Chancen und zukünftige Ausrichtungen
Trotz dieser Herausforderungen sieht die Zukunft für den Gebäudemanagementsektor vielversprechend aus, da KI bedeutende Möglichkeiten zur Integration intelligenter und ressourceneffizienter Systeme mit verteilten IoT-Sensoren eröffnet. Viele dieser Systeme erfordern eine sichere Vernetzung, wobei wir Folgendes erwarten können:
- Bessere Energieeffizienz: KI-gestützte Systeme werden den Energieverbrauch und die Kosten weiter senken.
- Geringere Wartungskosten: Vorausschauende Wartungskonzepte werden weiterentwickelt und sparen Zeit und Geld.
- Erhöhte Zuverlässigkeit: Gebäude werden durch selbstlernende und sich selbst aktualisierende Systeme zuverlässiger und flexibler.
- Generative KI: Diese Technologie wird die Datenanalyse vereinfachen und die Genauigkeit der Energiemodellierung für die Nutzer verbessern.

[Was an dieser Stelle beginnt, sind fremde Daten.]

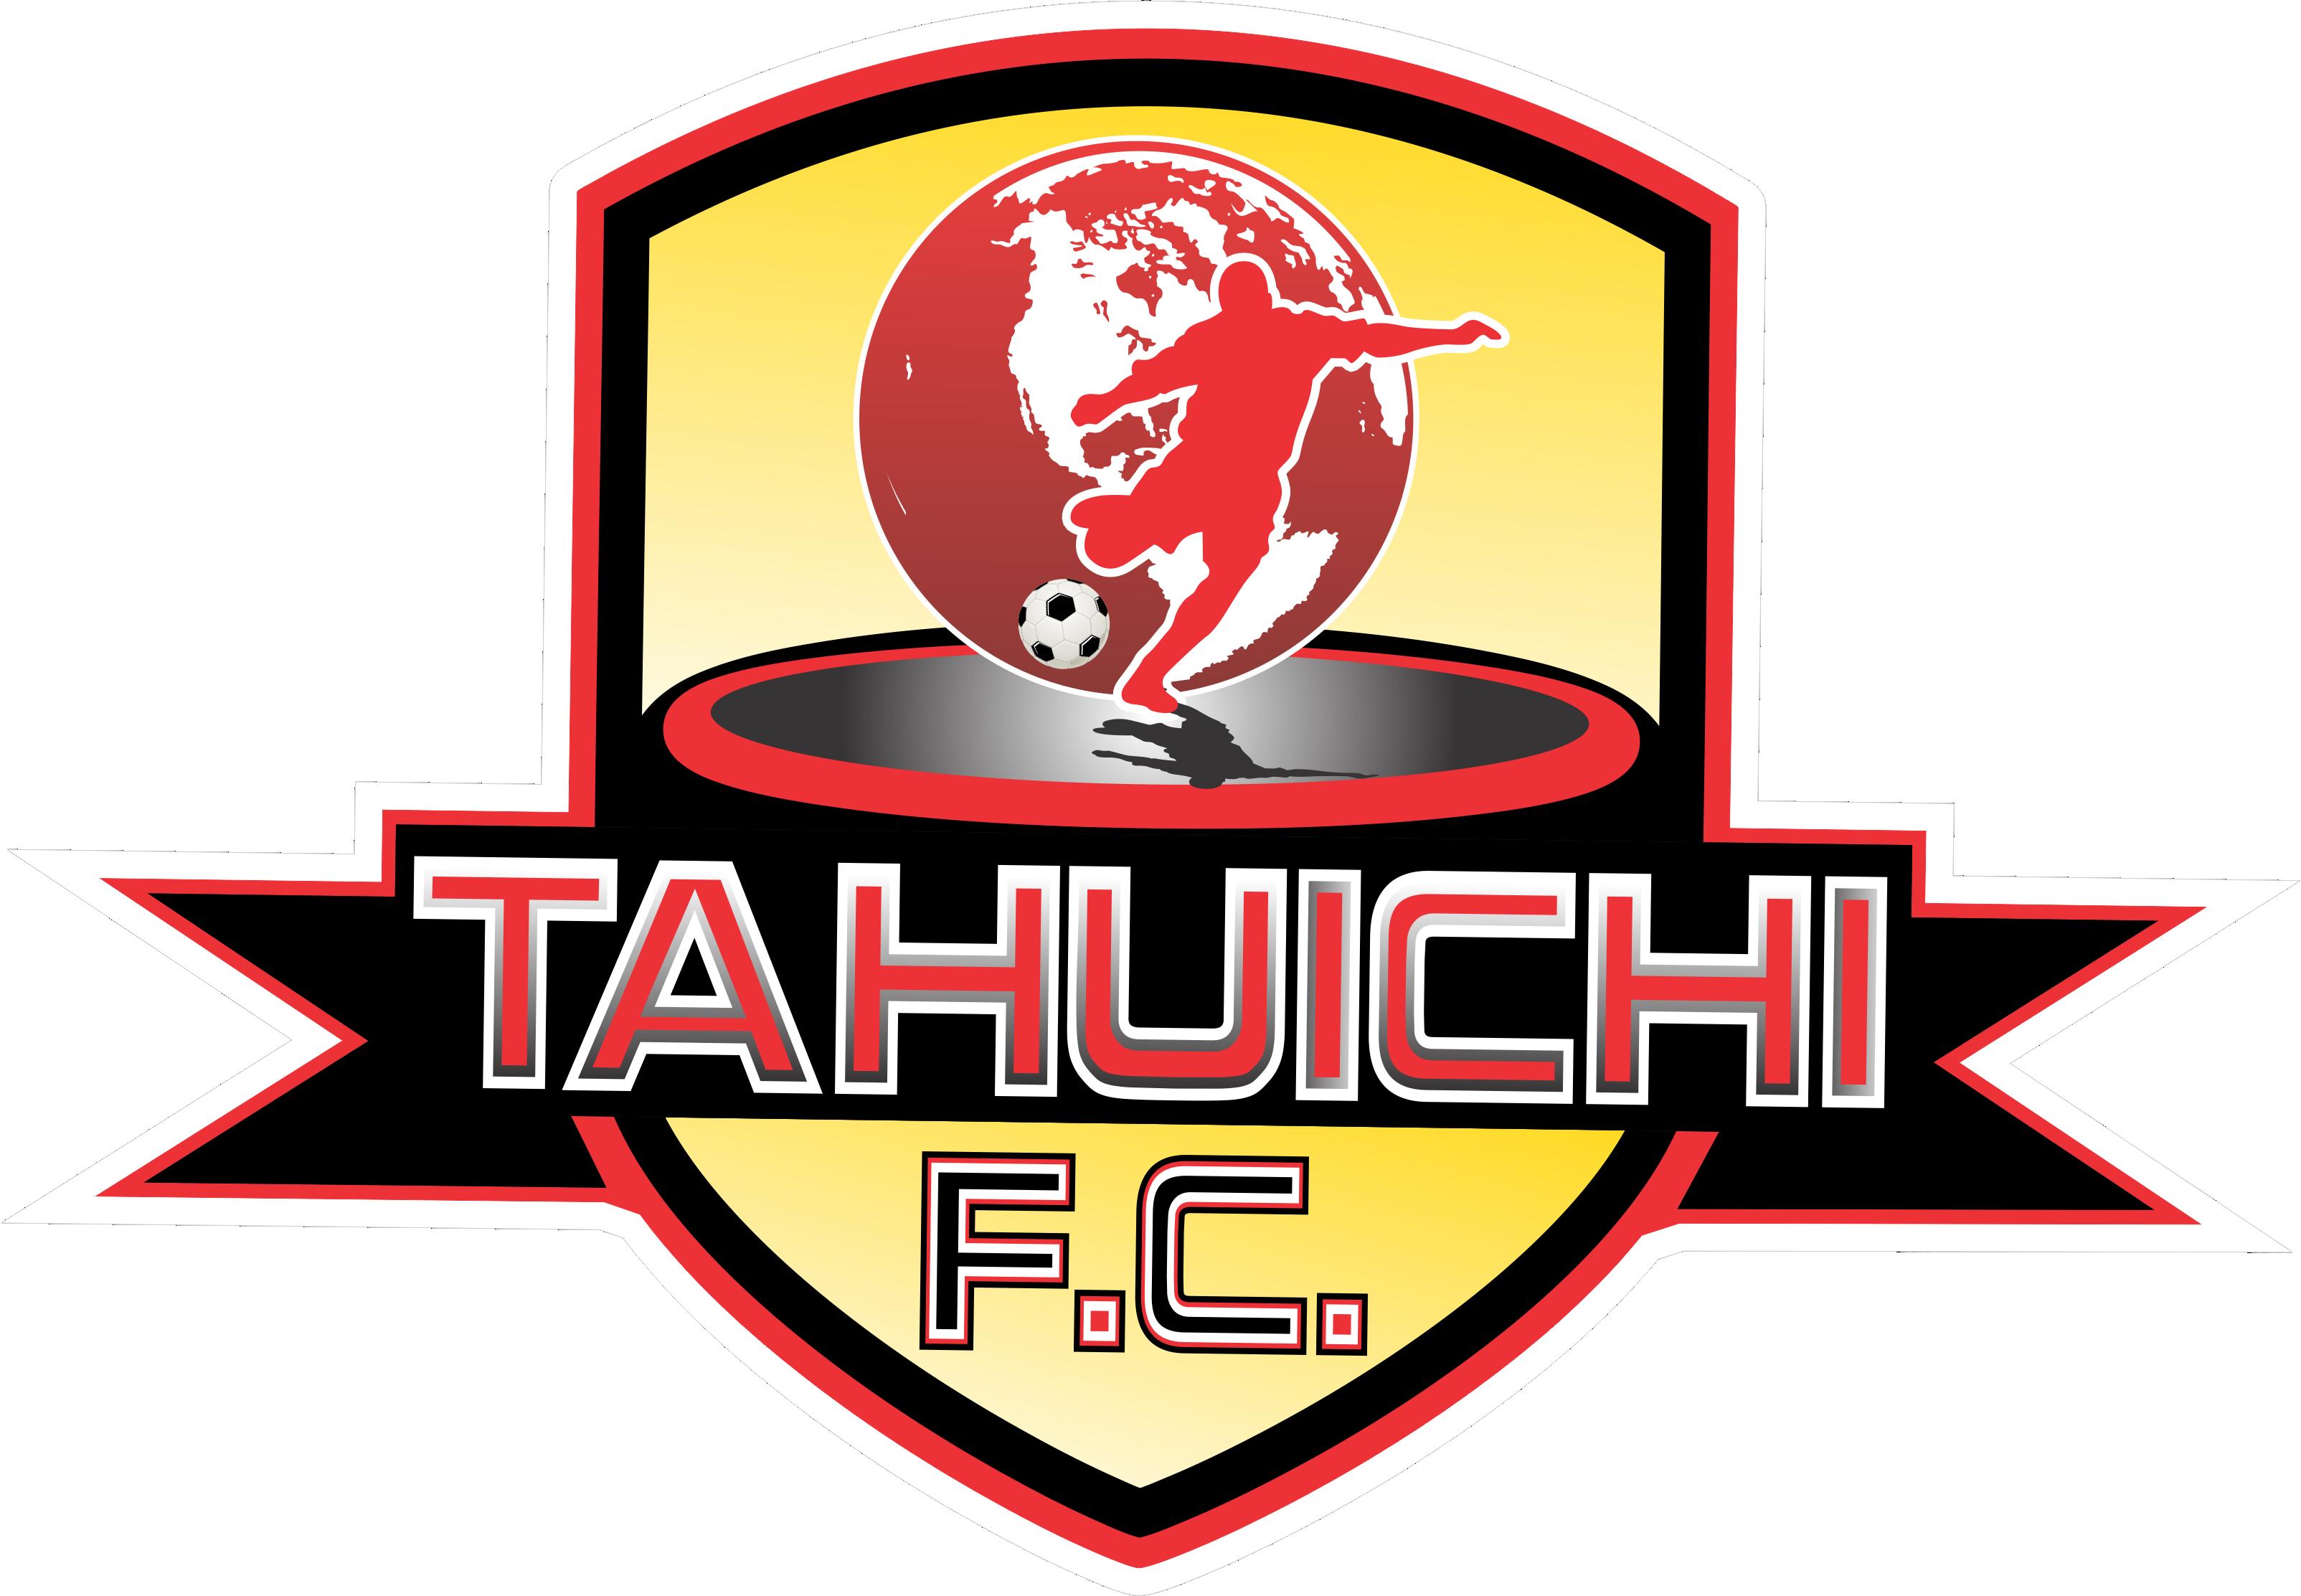 Tahuichi F.C. Logo

- Mehr globale Forschungskooperationen: Verstärkte Forschungsaktivitäten in Europa und weltweit werden dem wichtigen Gebäudemanagementsektor helfen, strenge Nachhaltigkeitsziele zu erreichen.
Fast Machine Learning (FastML) wird ebenfalls entwickelt, um Echtzeitanwendungen noch effizienter zu machen. FastML nutzt Techniken wie Modellquantisierung, Pruning und Hardwareoptimierung unter Verwendung spezieller Hardware, um die Recheneffizienz und die Inferenzgeschwindigkeit zu verbessern. Es beschleunigt verschiedene Phasen der Machine-Learning-Pipeline, darunter die Datenvorverarbeitung, das Modelltraining und die Inferenz, während die Modellgenauigkeit erhalten bleibt und der Rechenaufwand reduziert wird. FastML soll KI-Systeme verbessern, indem es Entscheidungen in Echtzeit oder nahezu in Echtzeit ermöglicht, das Energiemanagement optimiert, den Komfort für die Bewohner erhöht, die Sicherheit gewährleistet und Aufgaben wie Fehlererkennung, Energieeffizienzoptimierung und vorausschauende Wartung unterstützt. Damit eignet es sich potenziell ideal für ressourcenbeschränkte Edge-Umgebungen und dynamische Anwendungen wie BMS, BEMS und BAMS.
Schlussfolgerung
KI, ML, RL und DL tragen dazu bei, Gebäudemanagementsysteme zu transformieren und sie intelligenter, umweltfreundlicher und effizienter zu machen. Von Energieeinsparungen bis hin zu mehr Komfort ebnen diese Technologien den Weg für eine nachhaltige Zukunft. Zwar gibt es noch Herausforderungen, doch die Chancen sind immens, und die Vorteile sind bereits in vielen Gebäuden auf der ganzen Welt spürbar. Da sich diese Technologien weiterentwickeln, können wir uns auf intelligentere, nachhaltigere Gebäude freuen, die dazu beitragen, unser Leben zu verbessern und die Umwelt insgesamt zu schützen.